Fitch Ratings has been carefully tracking for the last several days last month’s interest shortfalls on certain subprime deals serviced by Ocwen Financial Corp.  

The rating agency has been involved in ongoing discussions with senior management for Ocwen and Wells Fargo’s trustee operations to determine the immediate cause and  the likelihood of the continuation of the factors that lead to the interest payment shortfalls.

In these deals, Ocwen reported interest payments to senior note holders that were in an amount less than would have been expected under the structure of the offerings.

‘In these discussions, it was determined that Ocwen had materially increased its modification program activity and many modifications involved principal reductions in addition to interest rate reduction and/or forgiveness of other payment and cost amounts,’  Managing Director Diane Pendley said in a release from Fitch.

The rating agency said that April was the first month where a sizable number of mods were reported through to the trustee for the May distribution. Ocwen indicated that it continued to report monthly activities on these transactions like in previous months.

In discussions Fitch had with Wells Fargo, the trustee indicated that as a result of the material increase in mods being performed throughout many RMBS deals, the firm had recently developed an enhanced reporting format. This enhanced version is based on the trustee’s participation on an industry task force on the issue.

The trustee further indicated that it had circulated this new form to the servicers and if the servicer properly used this format, Wells Fargo would have enough information to know the proper allocation of funds and/or losses.

It is believed that Ocwen will be reporting in the new format for the upcoming cycle, Fitch said in a release.

Unless otherwise specifically addressed in the controlling legal documents, the rating agency thinks that amounts considered to be principal forgiveness will be treated as a mortgage principal loss and allocated to bonds according to the terms of the documents.

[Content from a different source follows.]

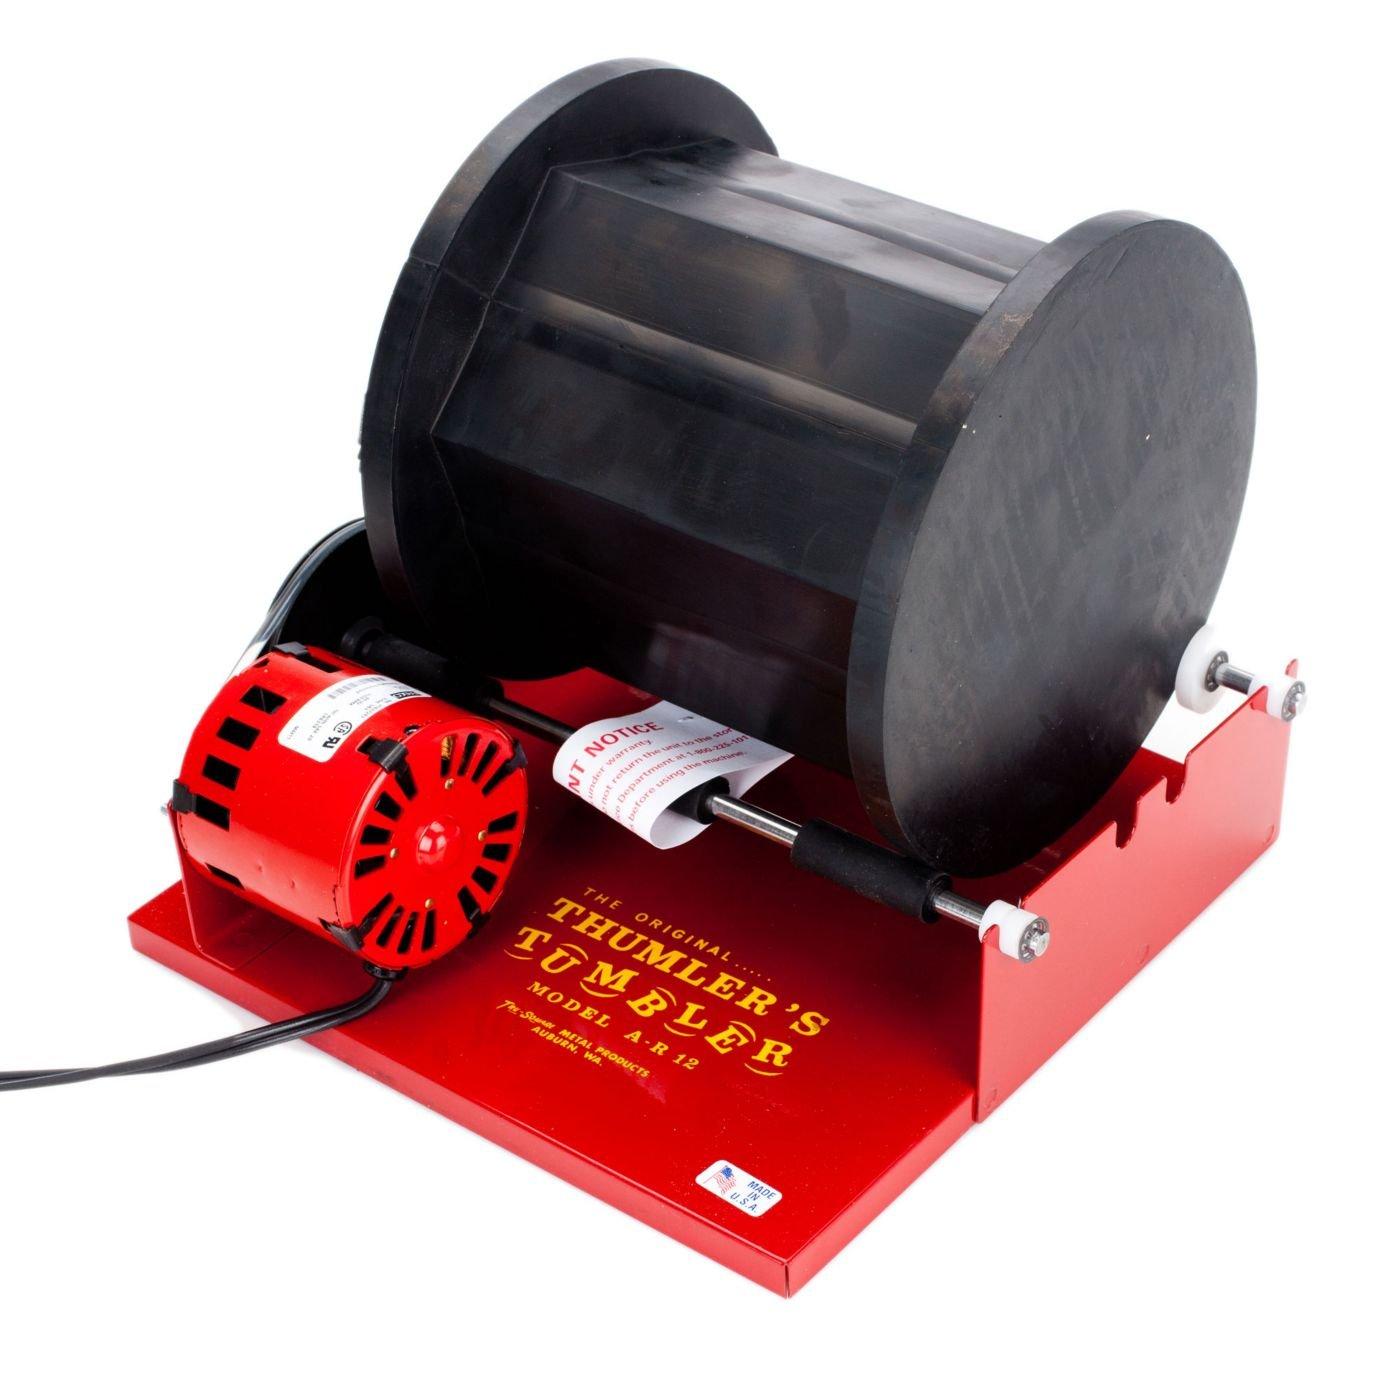 Tru-square Metal Products Model A-R12 Rock Tumbler 130

In most cases, Fitch said that these losses are applied to the principal balance of the most junior bonds outstanding in the deal.

Most RMBS deals usually do not consider an interest shortfall as an event of default and a mechanism exists to have shortfalls potentially recovered from available funds over time, Fitch said. The rating agency explained that shortfalls could be temporary, perhaps driven by a non-recurring circumstance and recovered quickly in subsequent months from excess interest, or essentially unrecoverable, likely resulting from poor portfolio performance.

‘The likelihood and expected timing of recoveries will determine whether a bond’s current rating will be affected by the occurrence of an interest shortfall,’ said Fitch Managing Director Vincent Barberio.

The rating agency is still monitoring the situation and will offer added market commentary if there are further developments.